WORK TO BE COMPLETED>
Below are records; count the lines that contain "short" and give only the total.

========================================

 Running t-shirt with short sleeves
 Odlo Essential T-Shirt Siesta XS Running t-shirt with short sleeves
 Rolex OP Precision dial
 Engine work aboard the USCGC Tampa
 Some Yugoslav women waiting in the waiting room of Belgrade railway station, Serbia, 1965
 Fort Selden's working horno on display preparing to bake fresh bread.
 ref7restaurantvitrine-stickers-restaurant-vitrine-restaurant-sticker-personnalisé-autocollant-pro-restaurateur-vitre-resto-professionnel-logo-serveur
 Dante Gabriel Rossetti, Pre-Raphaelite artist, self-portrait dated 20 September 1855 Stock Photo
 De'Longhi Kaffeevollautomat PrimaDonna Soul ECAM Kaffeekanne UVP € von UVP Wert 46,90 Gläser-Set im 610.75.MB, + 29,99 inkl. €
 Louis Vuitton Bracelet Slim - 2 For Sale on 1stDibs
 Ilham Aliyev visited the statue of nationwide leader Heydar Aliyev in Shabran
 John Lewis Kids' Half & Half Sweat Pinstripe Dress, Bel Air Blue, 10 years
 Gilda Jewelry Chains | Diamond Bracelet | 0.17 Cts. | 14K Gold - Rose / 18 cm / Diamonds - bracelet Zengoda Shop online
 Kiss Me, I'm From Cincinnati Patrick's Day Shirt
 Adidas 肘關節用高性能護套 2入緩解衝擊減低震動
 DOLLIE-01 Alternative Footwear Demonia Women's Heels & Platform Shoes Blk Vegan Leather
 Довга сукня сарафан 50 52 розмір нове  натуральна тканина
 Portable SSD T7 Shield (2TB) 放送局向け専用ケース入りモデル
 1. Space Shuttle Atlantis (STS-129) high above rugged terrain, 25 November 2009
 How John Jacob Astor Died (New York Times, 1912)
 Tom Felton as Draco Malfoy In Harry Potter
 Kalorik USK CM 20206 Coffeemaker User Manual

========================================

OUTPUT OF THE TASK>
2